Erythritol as a Potential Causal Contributor to Cardiometabolic Disease: A Mendelian Randomization Study Free

With the increase in diabetes and associated cardiometabolic diseases (CMD), low-calorie sweeteners are recommended by current diabetes and cardiac guidelines to improve glycemia and reduce caloric intake (1–3). Erythritol, a low-calorie sweetener, is increasingly being used as a sugar substitute (4).

Erythritol is a four-carbon polyol, found in low concentration in fruit, vegetables, mushrooms, and fermented foods (5,6). It can also be synthesized endogenously from glucose via the pentose-phosphate pathway: ∼5–10% can be metabolized to erythronate, and the remainder is excreted in urine (7). Exogenous erythritol consumption at a dose of 30 g increases circulating concentration ∼1,000-fold before returning to baseline after 2 days (8). Exogenous erythritol does not increase plasma glucose or insulin but does increase the secretion of glucagon-like peptide 1 and cholecystokinin and decreases gastric emptying (5). Daily erythritol supplementation has been reported to acutely improve endothelial function and reduce aortic stiffness over 4 weeks in people with type 2 diabetes (T2D) (9). Intriguingly, despite these potential beneficial effects, increased erythritol has been associated with adverse cardiometabolic effects in observational studies. Observational data from cohorts studied prior to the increased use of erythritol have shown increased risk of future centripetal adiposity and higher hemoglobin A1c (HbA_1c) with linear increase in T2D risk with increasing circulating erythritol (7,10). Recent data, which include cohorts studied both before and after the increased use of exogenous erythritol, show an increase in risk major cardiac events with increasing circulating erythritol (8,11). Specifically, a 16–31% increased risk of major cardiovascular events per 1-μmol increase in erythritol was reported across three cohorts recently· (8) In vitro and ex vivo studies indicate erythritol increases platelet aggregation at concentrations 4- to 10-fold higher than baseline fasting concentration, but this awaits confirmation in vivo in humans (8). Collectively, these data indicate that increased erythritol (likely from both endogenous production and exogenous consumption) is associated with adverse cardiometabolic traits, despite potential beneficial metabolic/endocrine effects after acute/short-term consumption.
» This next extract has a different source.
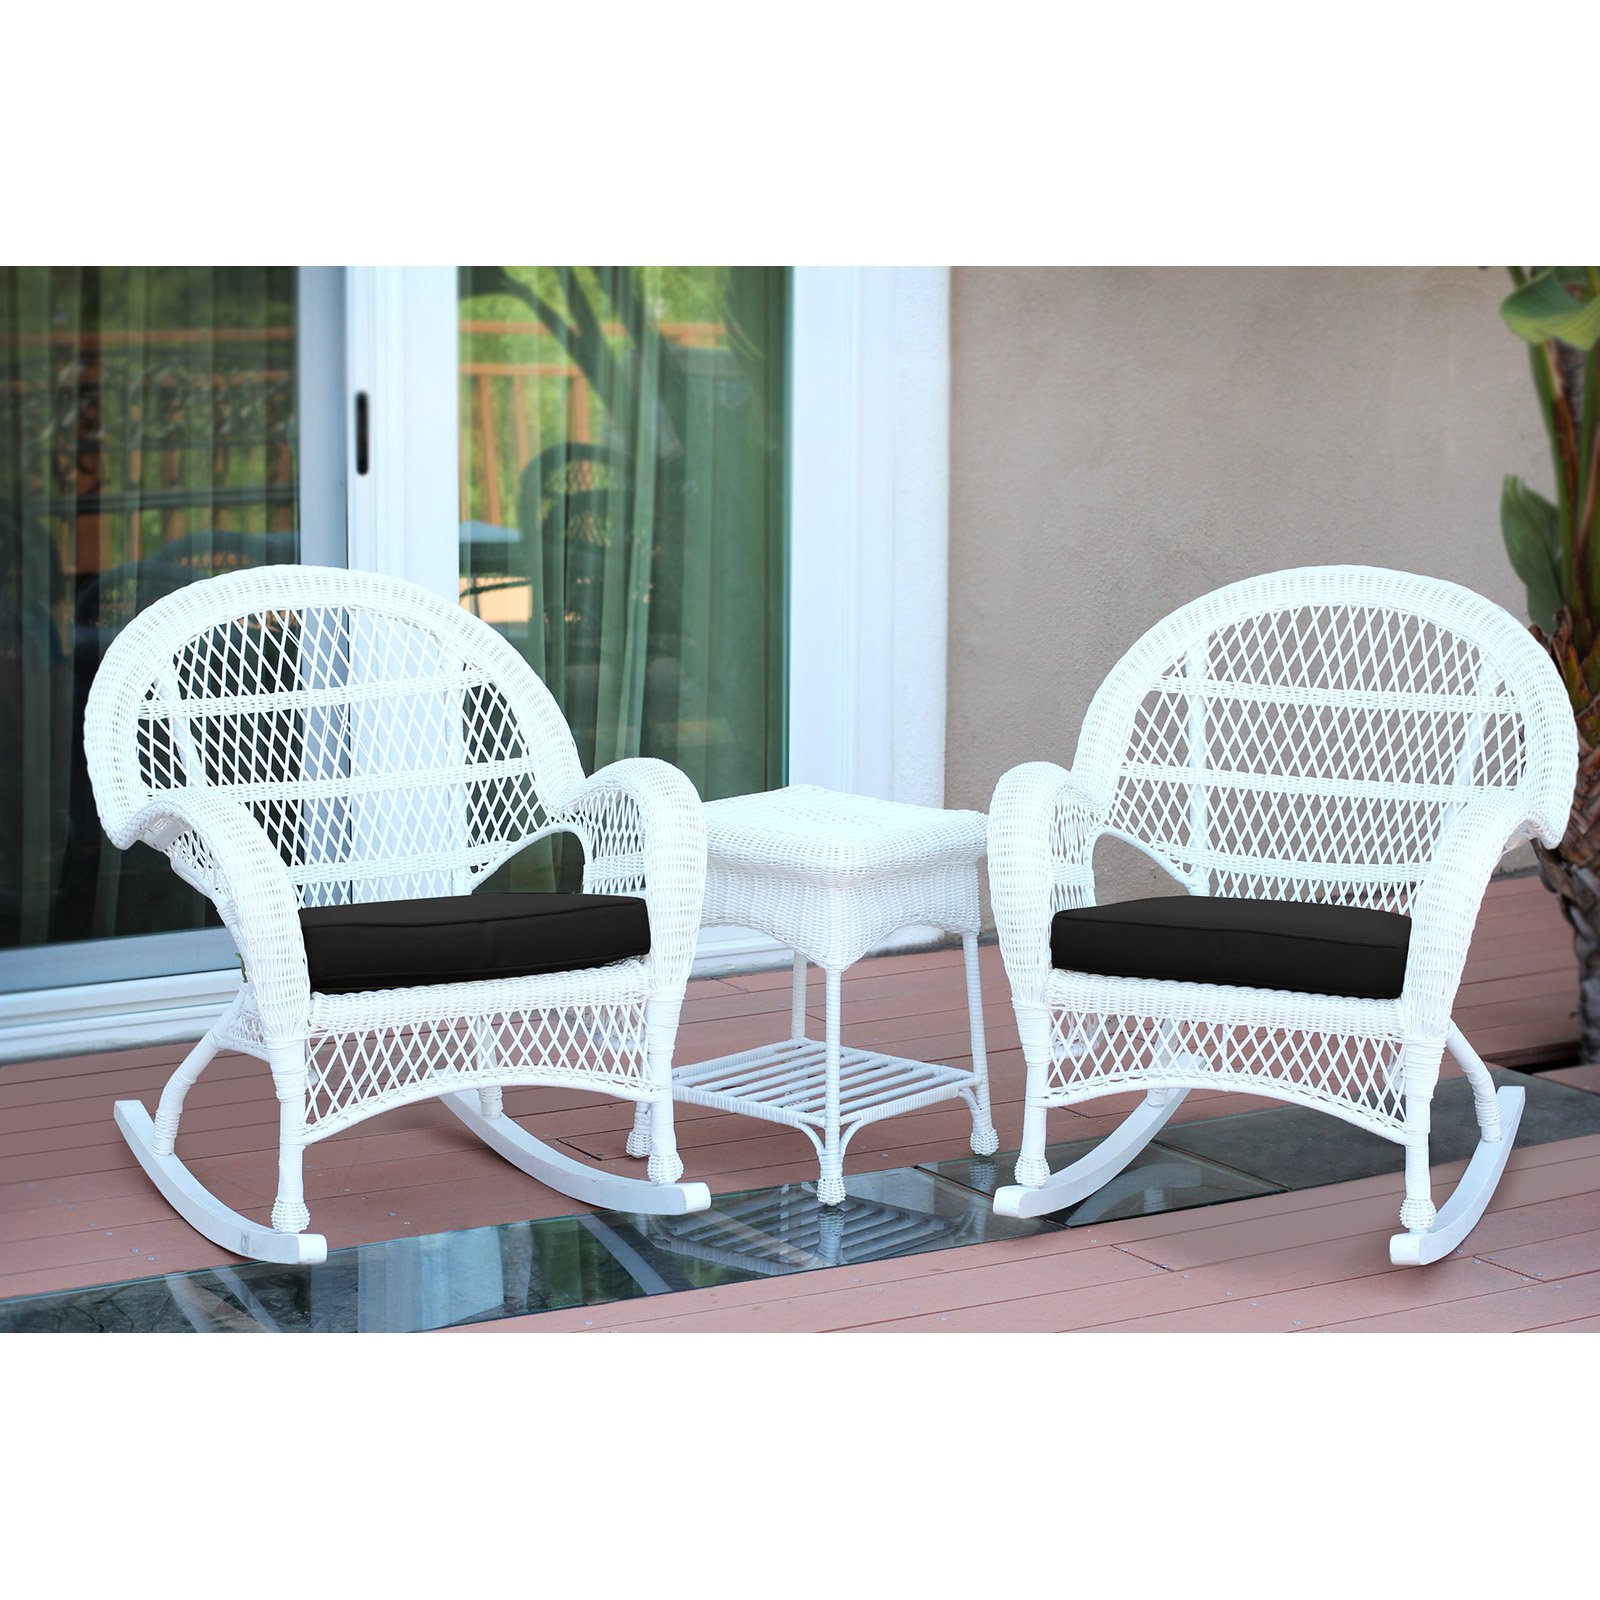 Jeco Santa Maria 3 Piece Wicker Rocker Chat Set with Optional Cushion - image 3 of 11
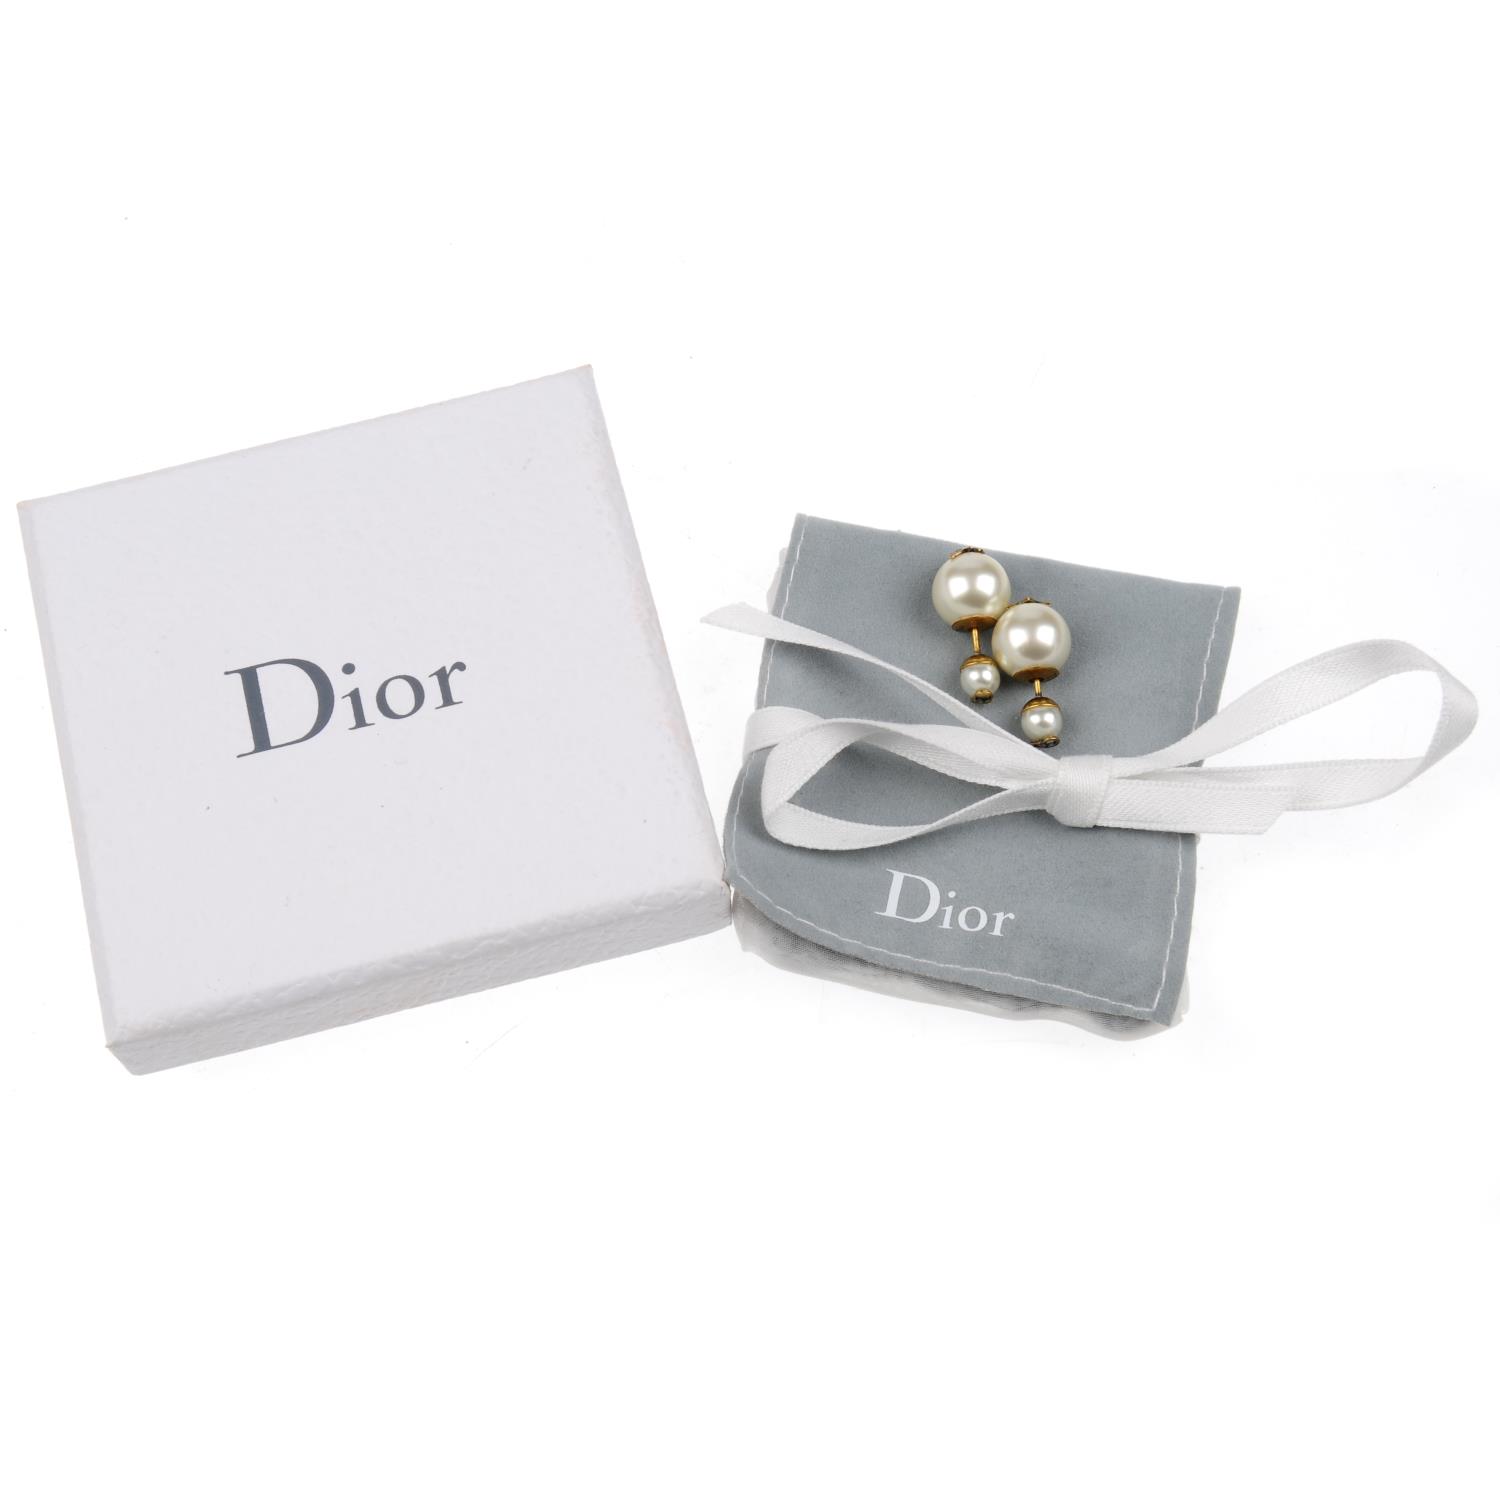 CHRISTIAN DIOR - a pair of stud earrings. - Image 5 of 5

Observational data can potentially be biased by confounding and reverse causality. T2D and dysglycemia are cardiovascular risk factors and can potentially increase endogenous erythritol production (7). Chronic kidney disease (CKD), a cardiovascular risk factor, can potentially impact excretion of endogenous and exogenous erythritol (7). Further, increased age and triglyceride associate with increased erythritol (8). Finally, exogenous erythritol consumption may be higher in people at risk for CMD.

Two-sample Mendelian randomization (MR) uses genetic instruments associated with an exposure in one population at genome-wide significance threshold (P < 5 × 10⁻⁸) to investigate potential causal association with an outcome of interest in another cohort. In comparison with observational studies, MR is less prone to confounding (12). Recent genome-wide association studies (GWAS) have identified variants strongly associated with circulating plasma/serum erythritol, including variants near TKT (encoding transketolase) and AKR1A1 (encoding Aldo-Keto Reductase Family 1 Member A1), which are plausible regulators of erythritol kinetics (13,14). We therefore undertook bidirectional MR to investigate the potential causal associations and direction of effect between erythritol, T2D, and associated CMD.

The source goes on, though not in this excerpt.